For small lists like this, it's trivial to just brute-force the combinations, but I'm facing the possibility of seeing thousands to tens of thousands of these numbers and will be using this routine repeatedly over the lifespan of the application. Is there any kind of elegant algorithm available to accomplish this in reasonable time with 100% coverage?

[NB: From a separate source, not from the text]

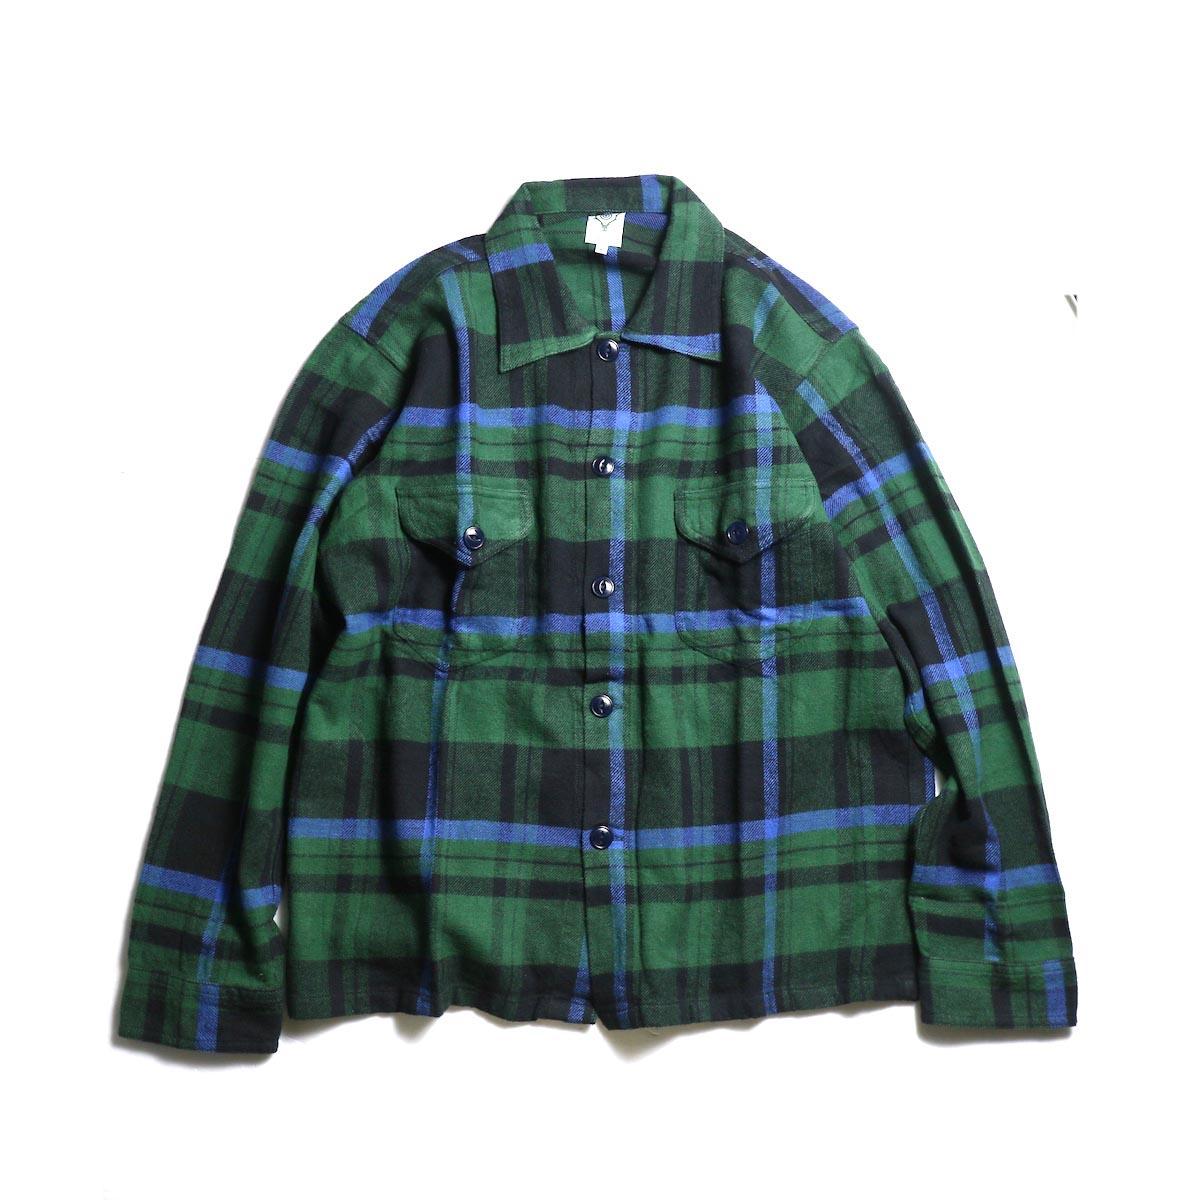 SOUTH2 WEST8 / Smokey Shirt - Cotton Twill / Plaid (Green)

Failing this, is there any kind of decent heuristics I can find that can give me a "good enough" set of combinations in a reasonable amount of time?

I'm looking for an algorithm in pseudo-code or in any decently popular and readable language (note the "and" there....;) or even just an English description of how one would go about implementing this kind of search.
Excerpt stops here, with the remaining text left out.